-- Raw data --
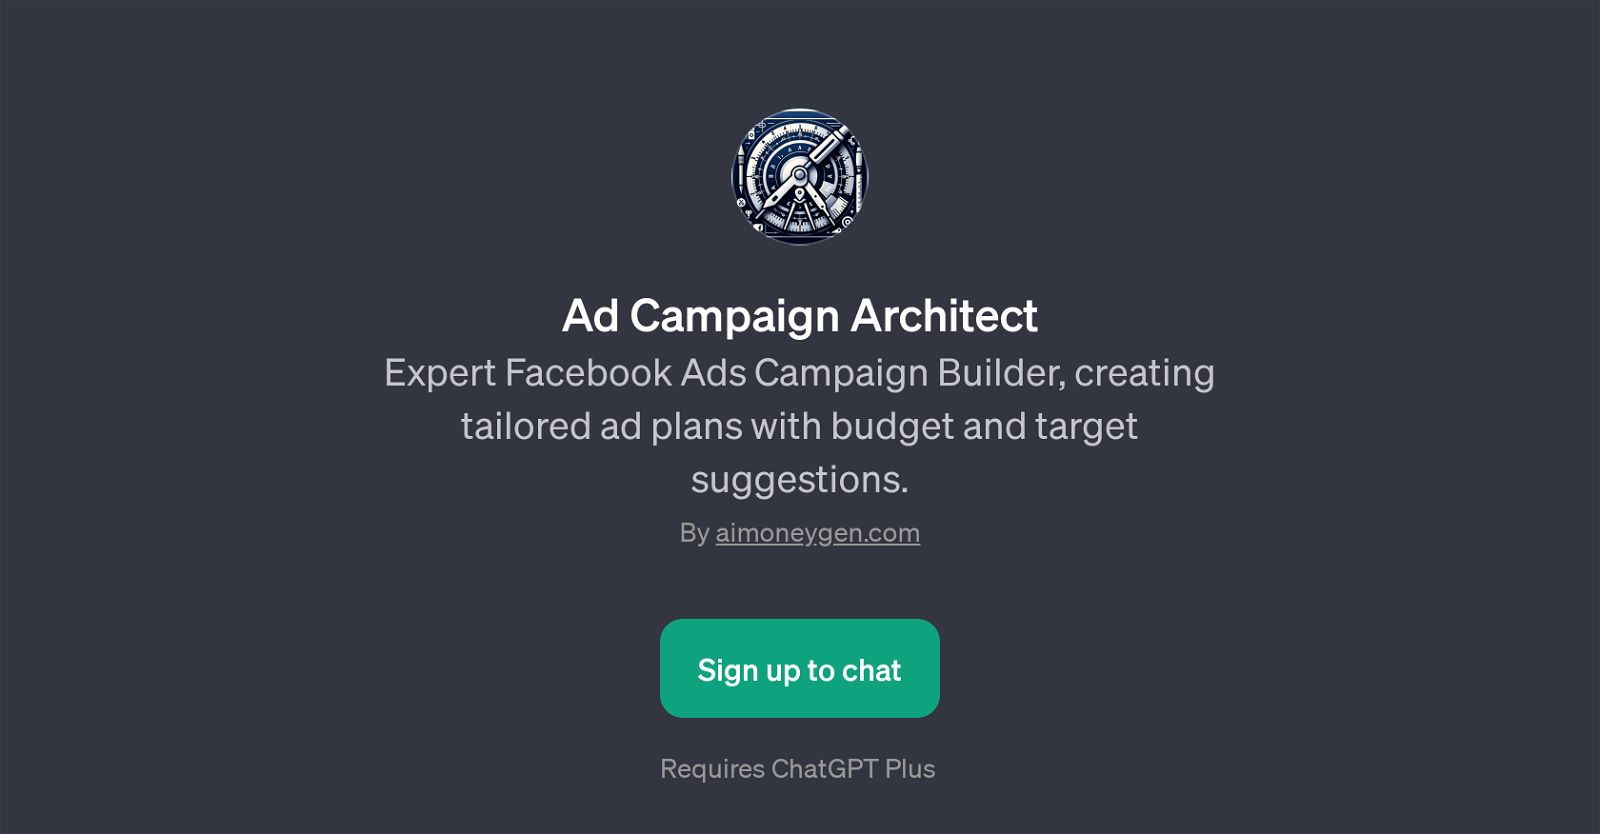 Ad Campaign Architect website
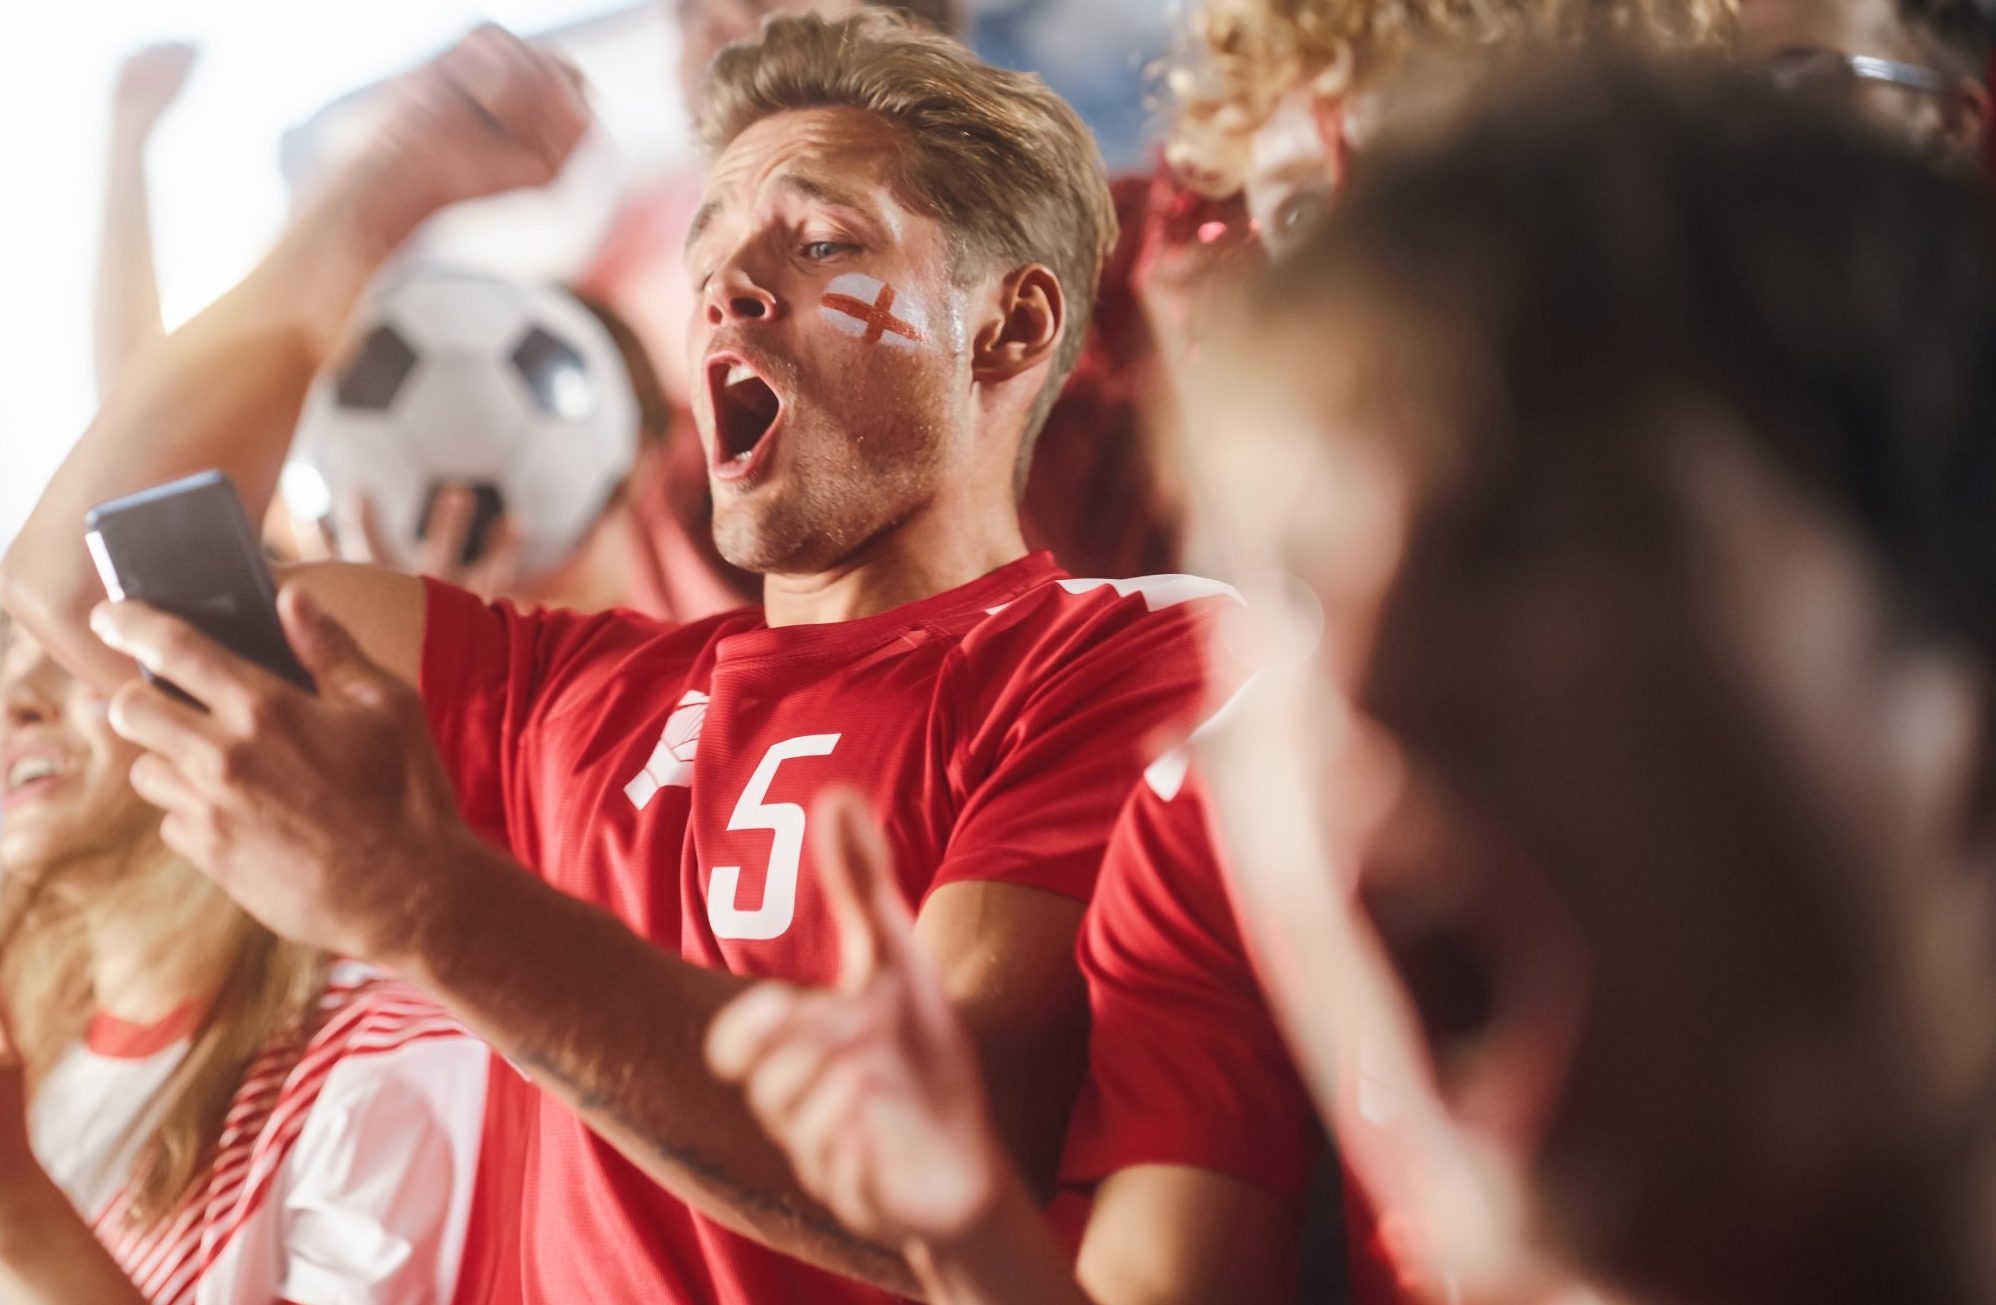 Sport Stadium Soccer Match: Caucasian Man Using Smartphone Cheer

--

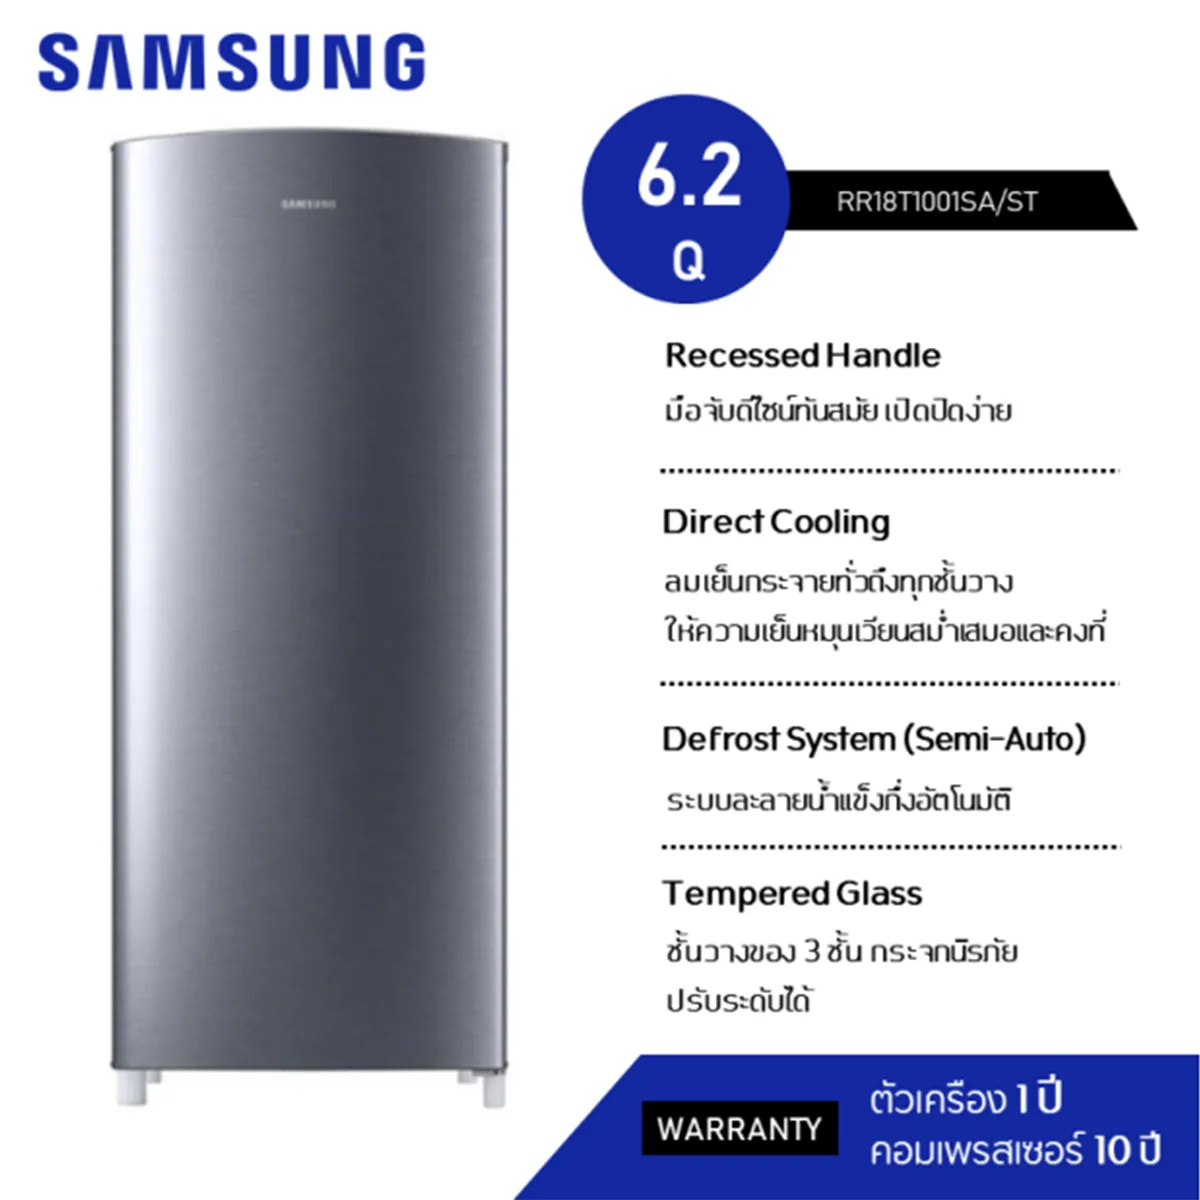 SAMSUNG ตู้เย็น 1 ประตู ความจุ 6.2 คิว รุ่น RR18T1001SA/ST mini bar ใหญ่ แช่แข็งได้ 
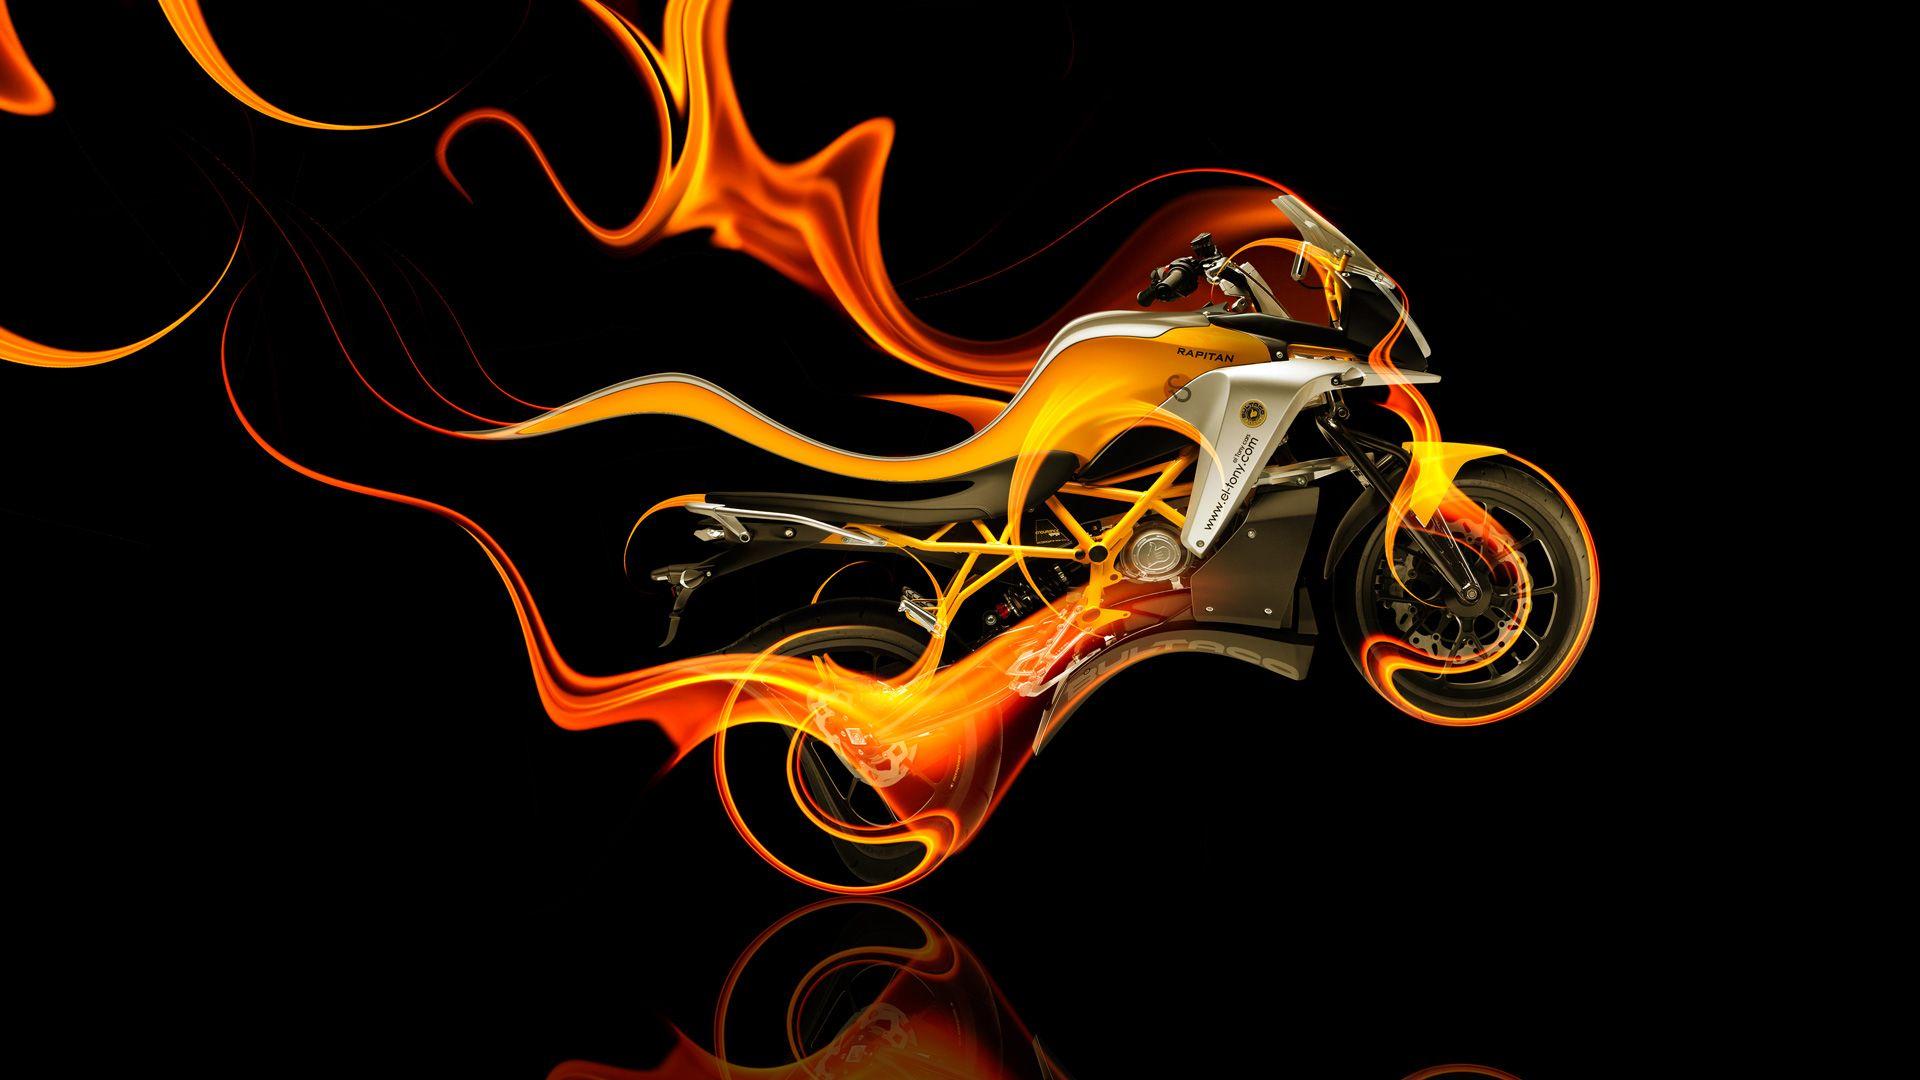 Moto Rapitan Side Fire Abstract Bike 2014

==

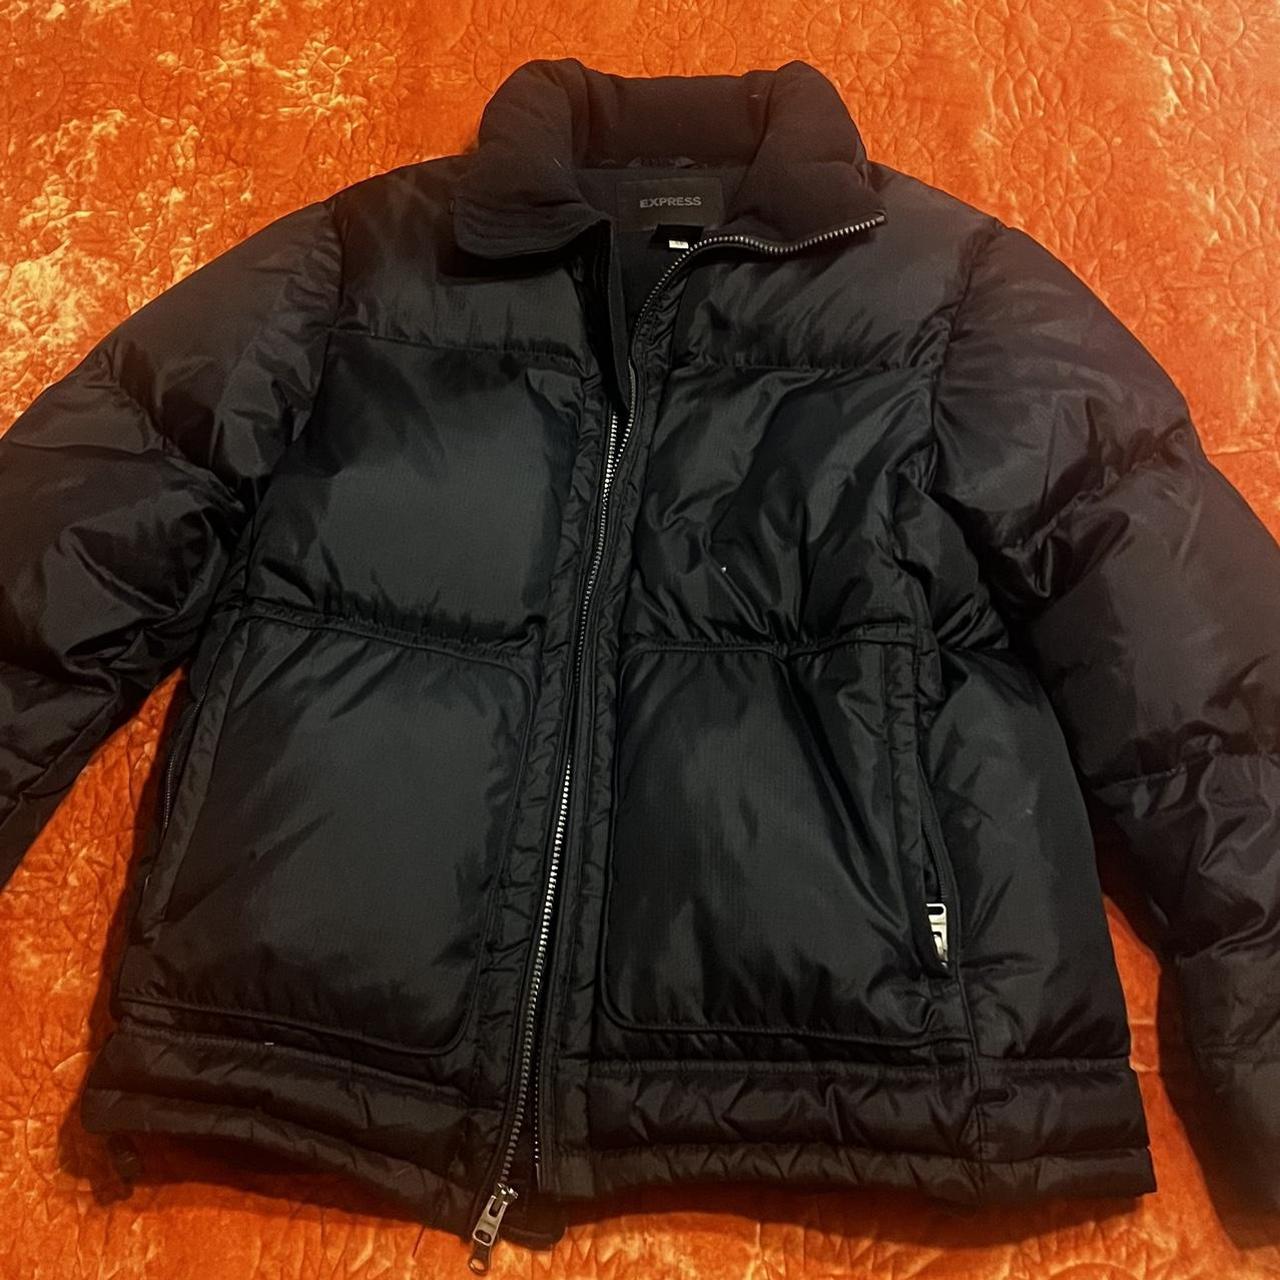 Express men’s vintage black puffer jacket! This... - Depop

-- Exercise --
Would you please repeat only the lines above, beginning at the one that has "Ad Campaign Architect website" and stopping after the one that has "Sport Stadium Soccer", exactly and with no pictures?

-- Output --
 Ad Campaign Architect website
 Sport Stadium Soccer Match: Caucasian Man Using Smartphone Cheer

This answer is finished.